* TASK ITEM: When you reach the line containing "Abdullah Kurdi, le", begin reproducing the material exactly, stop after the line containing "et sa tante Tima Kurdi ont", and leave out any pictures along the way.
___ RECORDS SHOWN ___
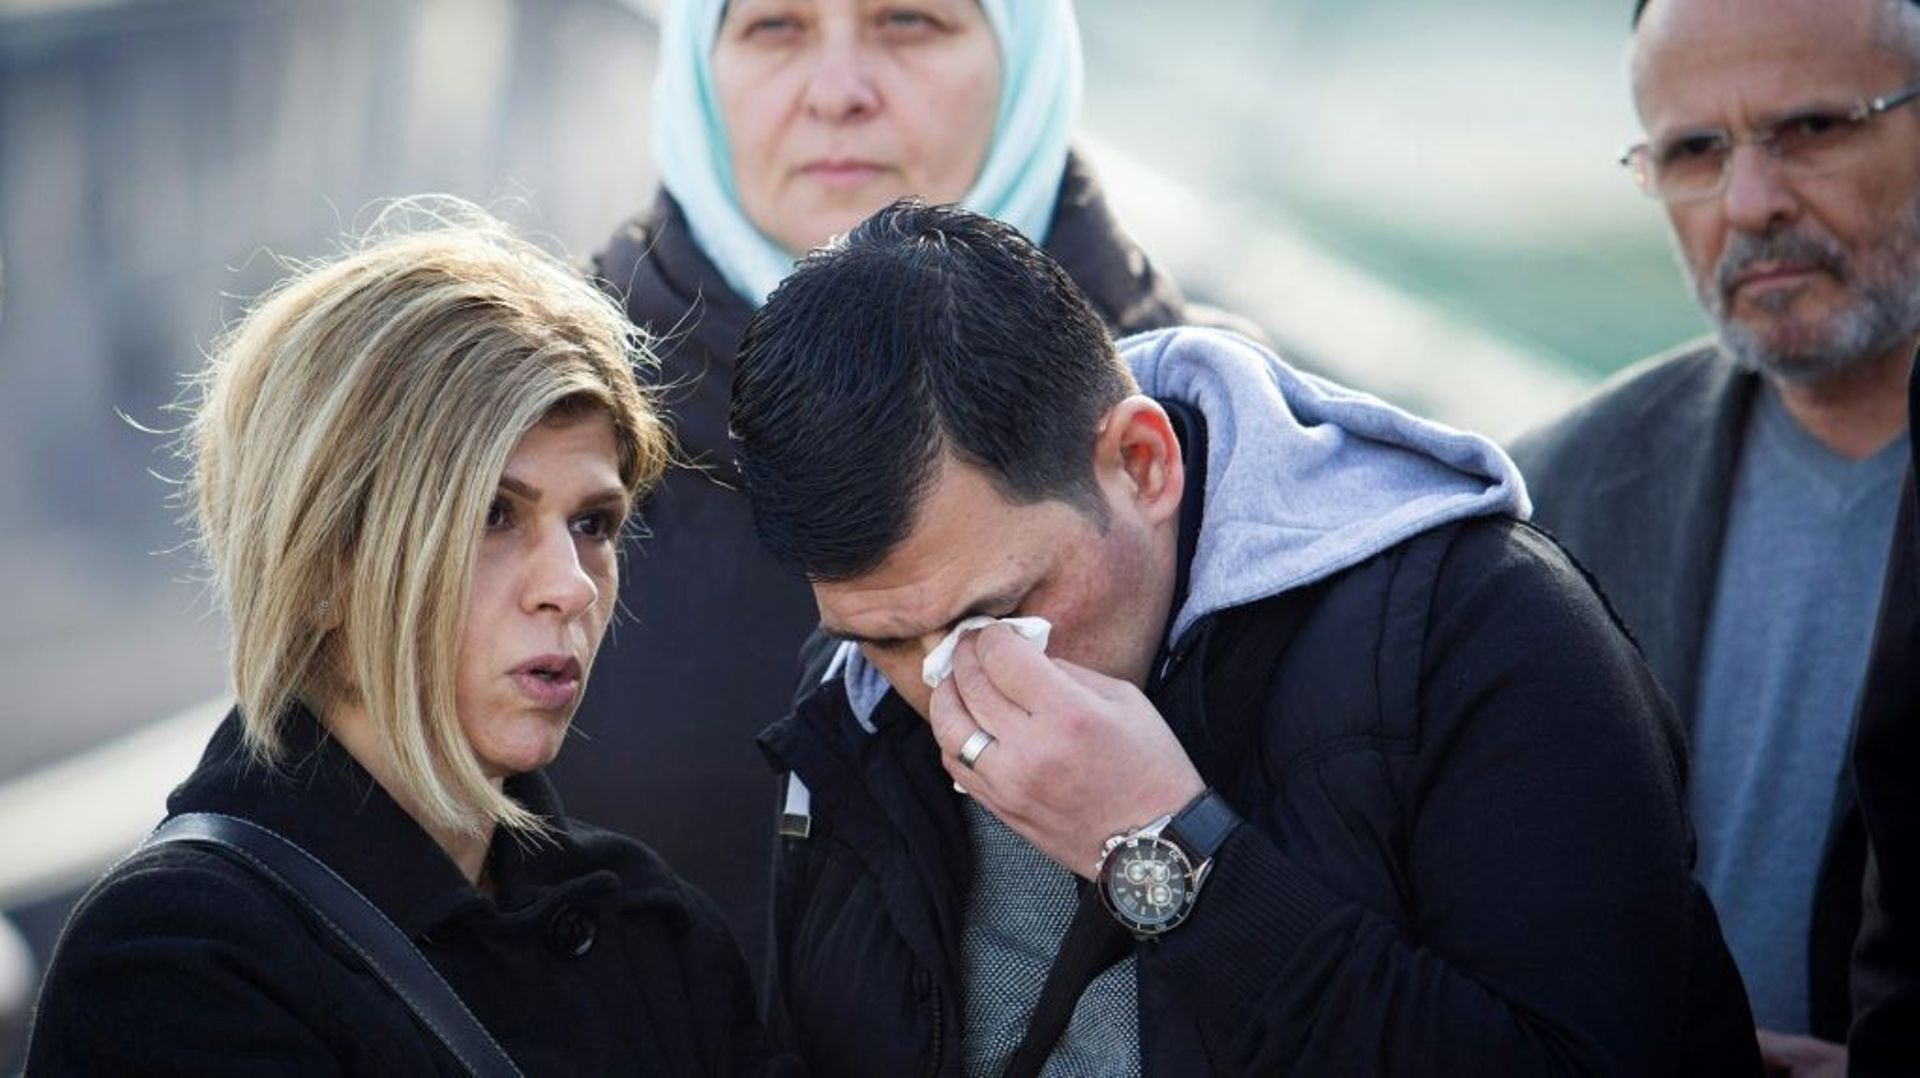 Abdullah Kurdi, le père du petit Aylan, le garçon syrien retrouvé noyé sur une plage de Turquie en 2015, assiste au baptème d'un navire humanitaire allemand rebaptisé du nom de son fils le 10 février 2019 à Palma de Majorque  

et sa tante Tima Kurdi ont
___
___ RECORDS SHOWN ___
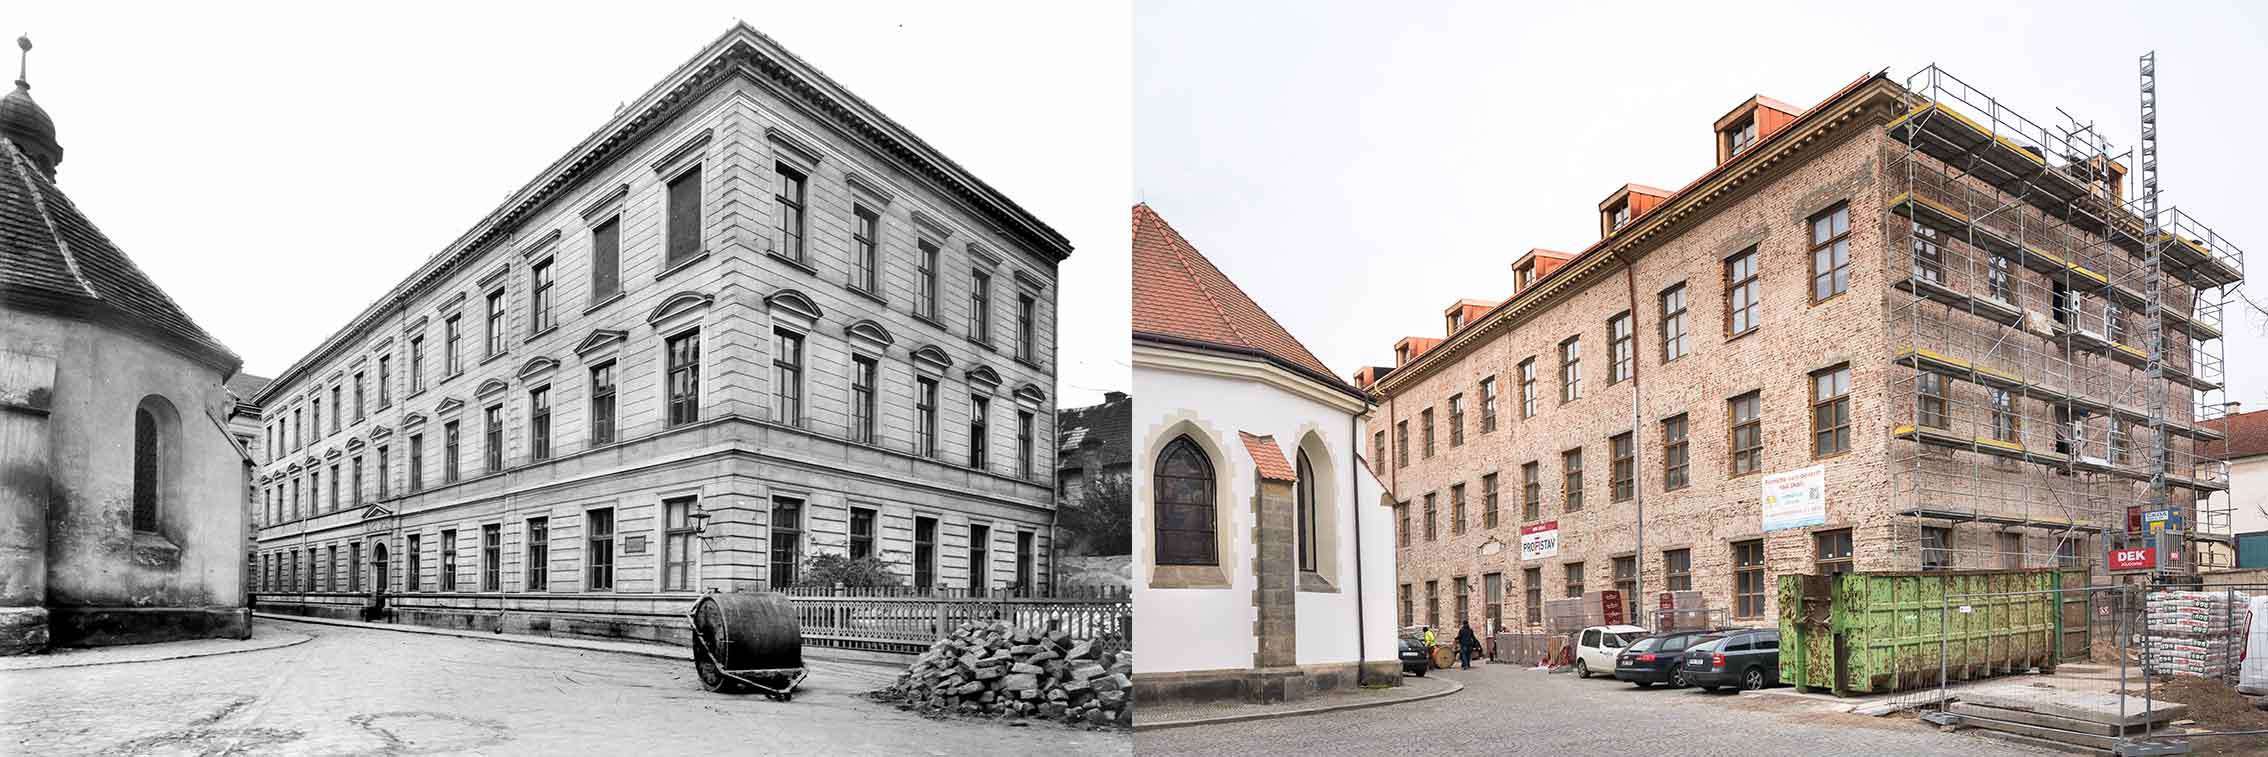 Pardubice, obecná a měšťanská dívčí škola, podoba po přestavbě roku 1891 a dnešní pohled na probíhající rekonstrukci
___
___ RECORDS SHOWN ___
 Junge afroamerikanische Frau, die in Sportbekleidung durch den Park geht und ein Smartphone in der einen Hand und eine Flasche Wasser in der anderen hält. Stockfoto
___
* SOLUTION TO THIS TASK:
 Abdullah Kurdi, le père du petit Aylan, le garçon syrien retrouvé noyé sur une plage de Turquie en 2015, assiste au baptème d'un navire humanitaire allemand rebaptisé du nom de son fils le 10 février 2019 à Palma de Majorque  

et sa tante Tima Kurdi ont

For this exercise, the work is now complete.